> **About this task**: Make an exact transcript of the lines in the data below, starting with the one containing "υπεραυτόματη μηχανή καφέ A1000 της Franke" and going on through the one containing "Moleskine Lineage Leather Zip Wallet", with both included and the pictures left out.

> **The records**:
□ □ □

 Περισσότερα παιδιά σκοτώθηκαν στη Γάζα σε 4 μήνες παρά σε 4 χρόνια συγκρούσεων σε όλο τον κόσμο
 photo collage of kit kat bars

□ □ □

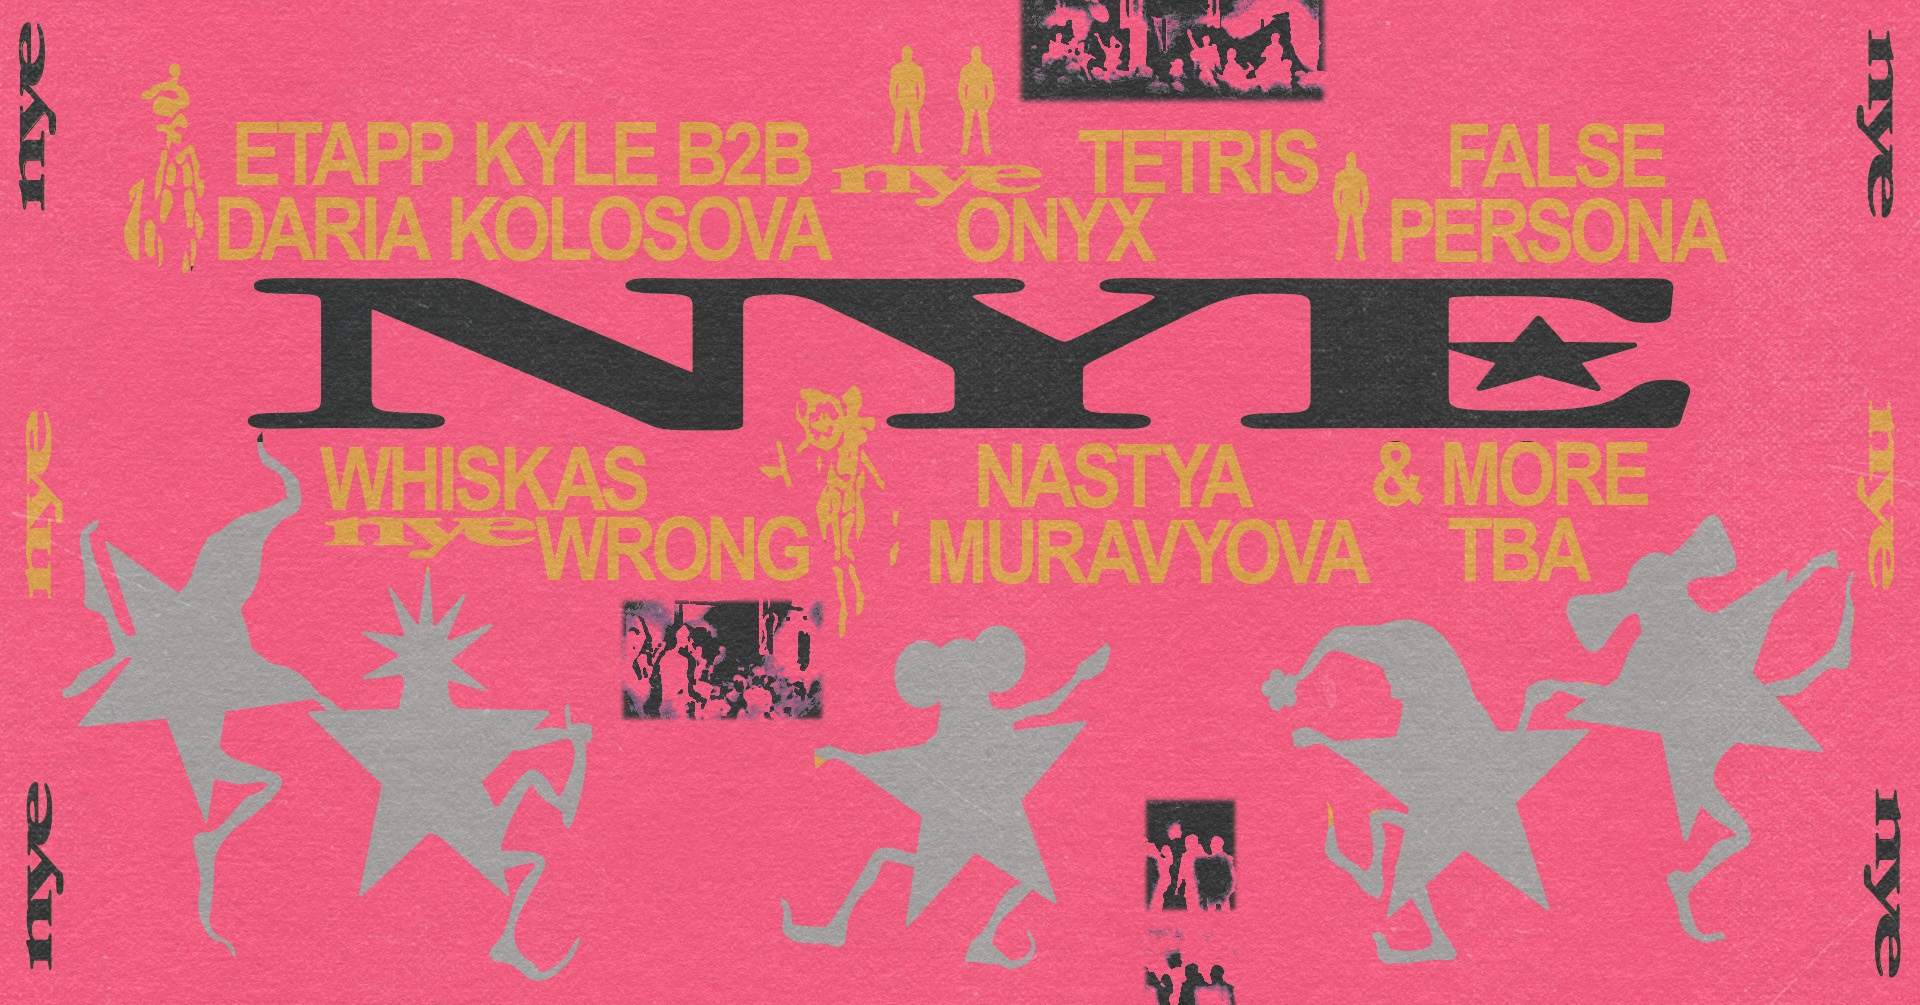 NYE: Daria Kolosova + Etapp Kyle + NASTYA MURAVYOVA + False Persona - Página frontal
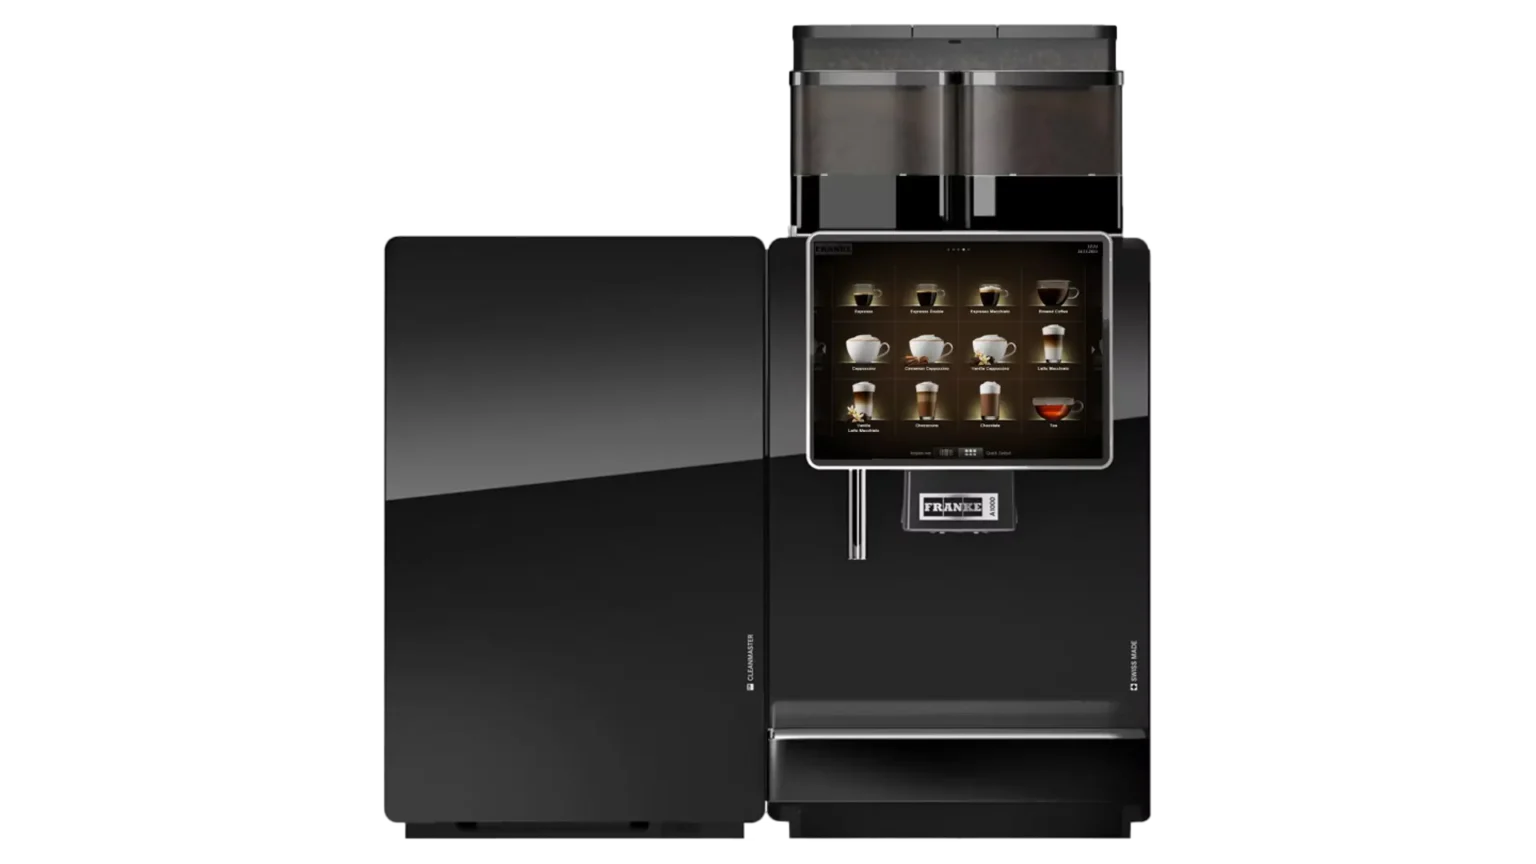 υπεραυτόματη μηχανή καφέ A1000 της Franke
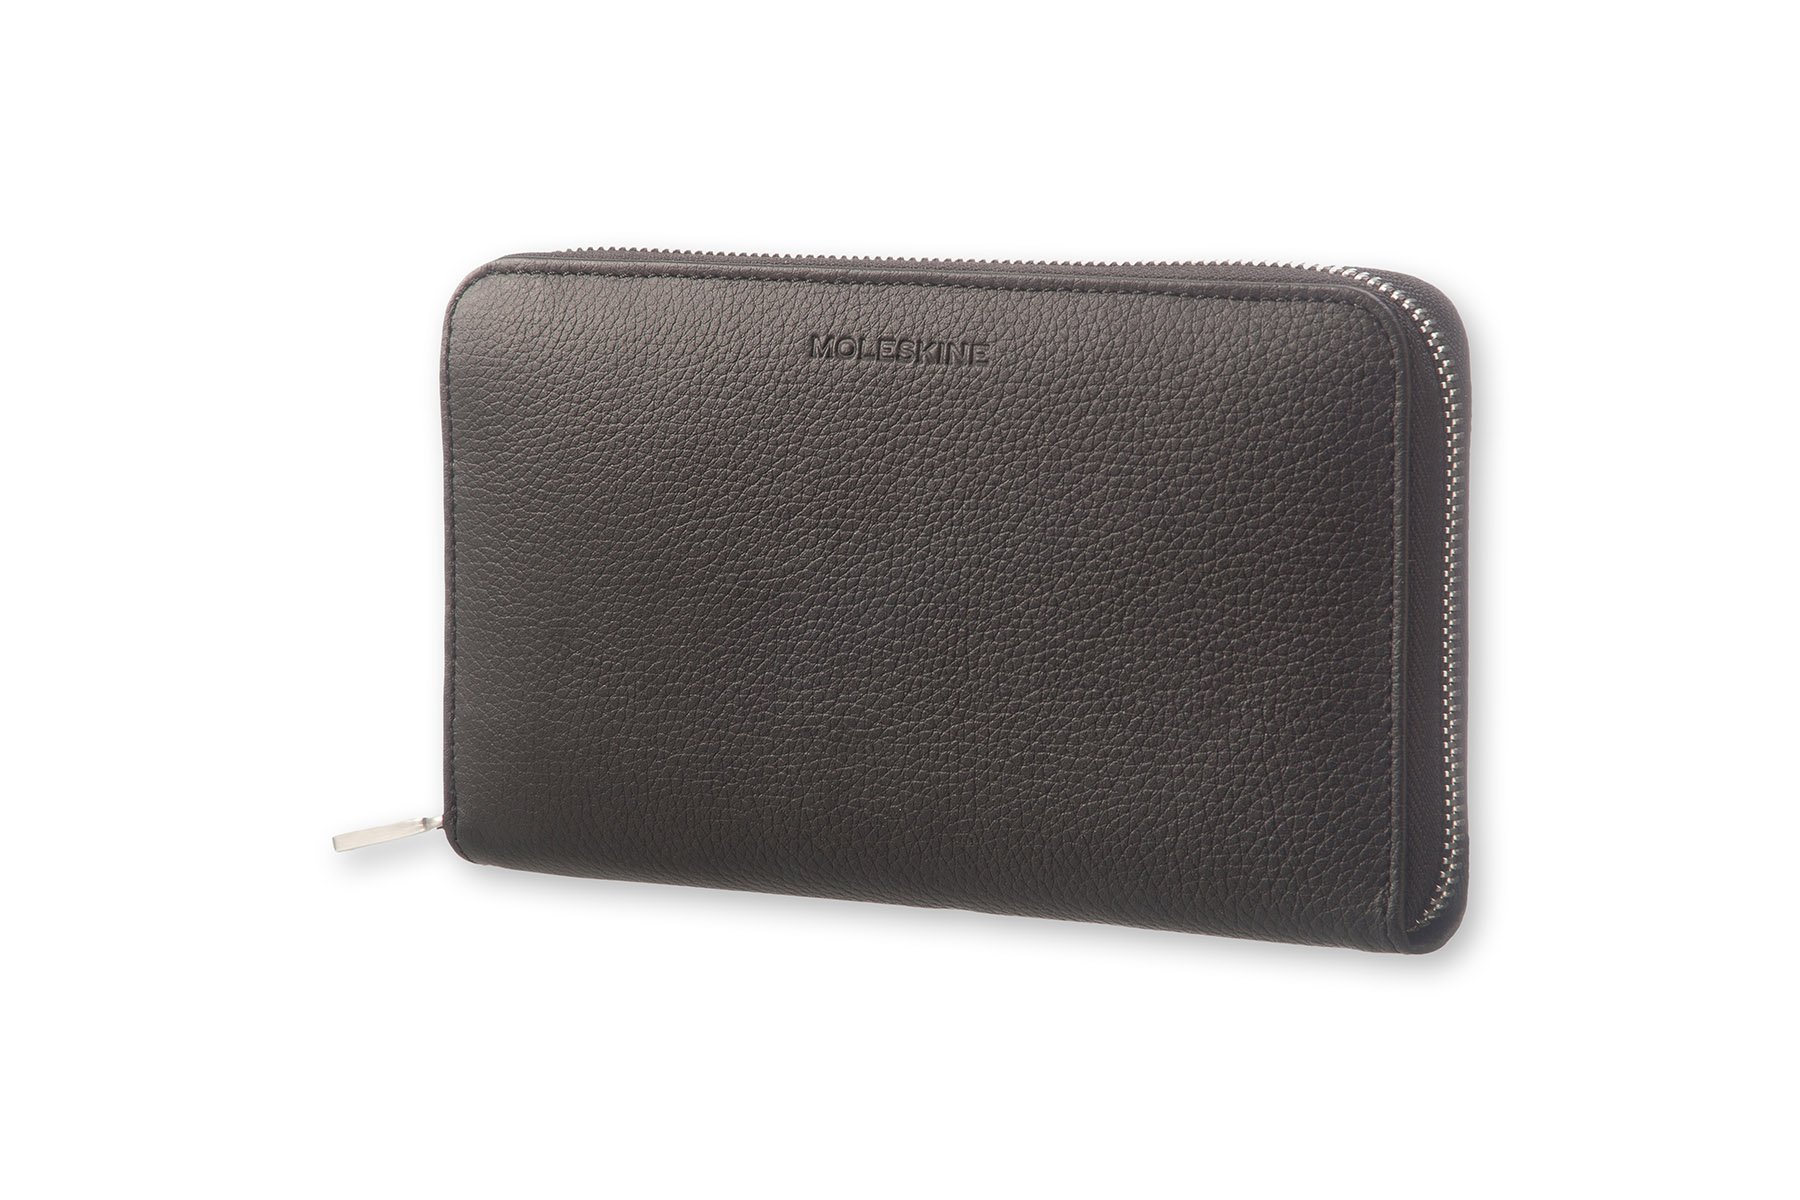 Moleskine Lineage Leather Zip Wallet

□ □ □

> **Exercise result**:
 υπεραυτόματη μηχανή καφέ A1000 της Franke
 Moleskine Lineage Leather Zip Wallet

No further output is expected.